Corporate governance refers to the collection of activities meant to help ensure that executives make the best decisions for shareholder profitability. While much past research has attempted to evaluate the effectiveness of each governance mechanism individually, Misangyi’s study of the S&P 1500 firms instead takes a holistic view of how these activities work in concert to achieve profitability.

The two primary categories of governance mechanisms include incentive alignment and monitoring. Alignment mechanisms incentivize executives to act in the best interest of shareholders through, for example, CEO stock ownership and compensation contingent upon firm performance. Monitoring can occur from both internal and external sources, such as boards of directors and shareholders owning large blocks of equity, respectively.
By the time I got this far—three paragraphs into a nine paragraph release—the wind was gone from my sails. My hopes were dashed. Misangyi and Acharya seem to suggest that effective corporate governance occurs when CEO incentive alignment and monitoring mechanisms are in place. They evaluated two variables (they call them mechanisms) in 1500 firms and described their research as holistic.
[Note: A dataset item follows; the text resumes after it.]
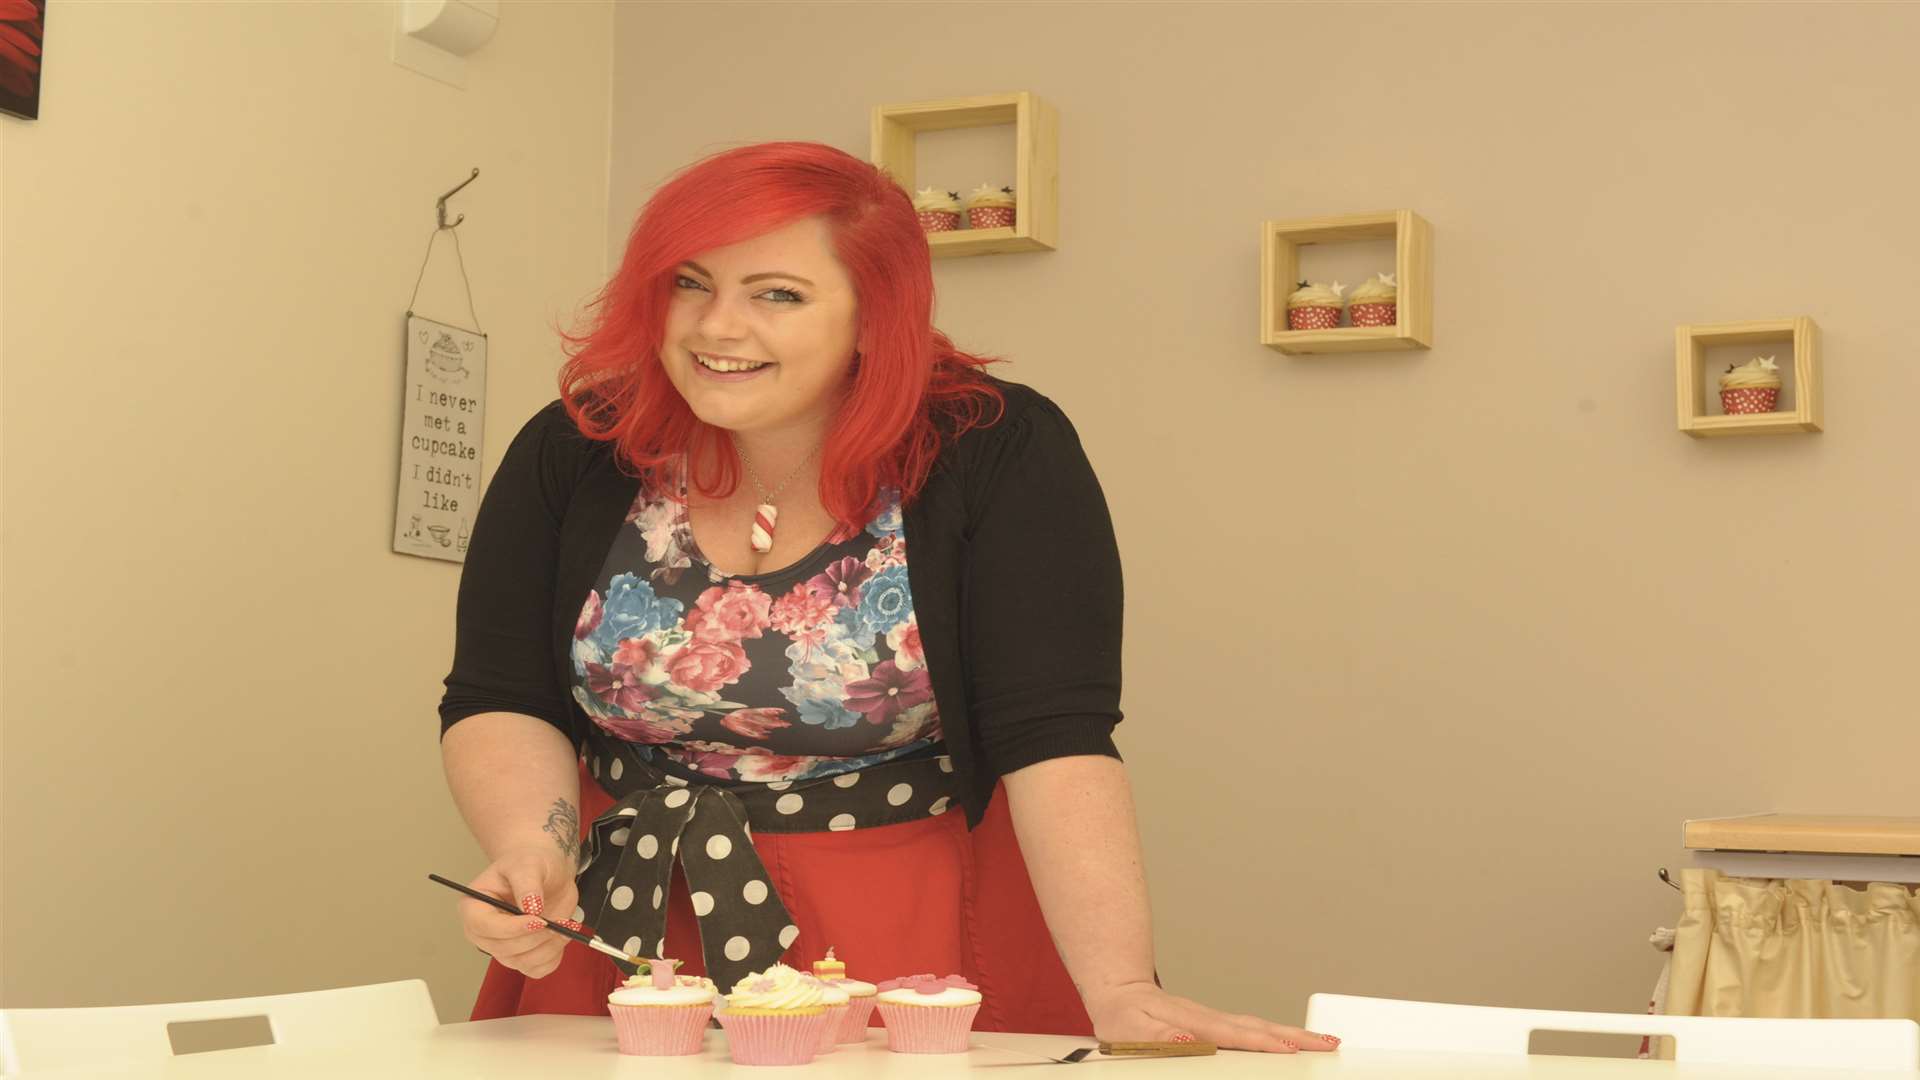 Britt Whyatt's custom design cake company has gone from strength to strength

Interesting. There is a growing body of research that suggests that board's involvement in the development of strategy and in the making of decisions is what matters. Misangyi and Acharya's release makes no mention of anything along these lines, nor is there any suggestion that the researchers directly observed any of the 1500 boards in their study. 

I'm looking forward to reading the full research report when it is published, to see whether this is another study based on secondary data and hypothetico-deductive science, or whether Misangyi and Acharya have discovered a whole new paradigm.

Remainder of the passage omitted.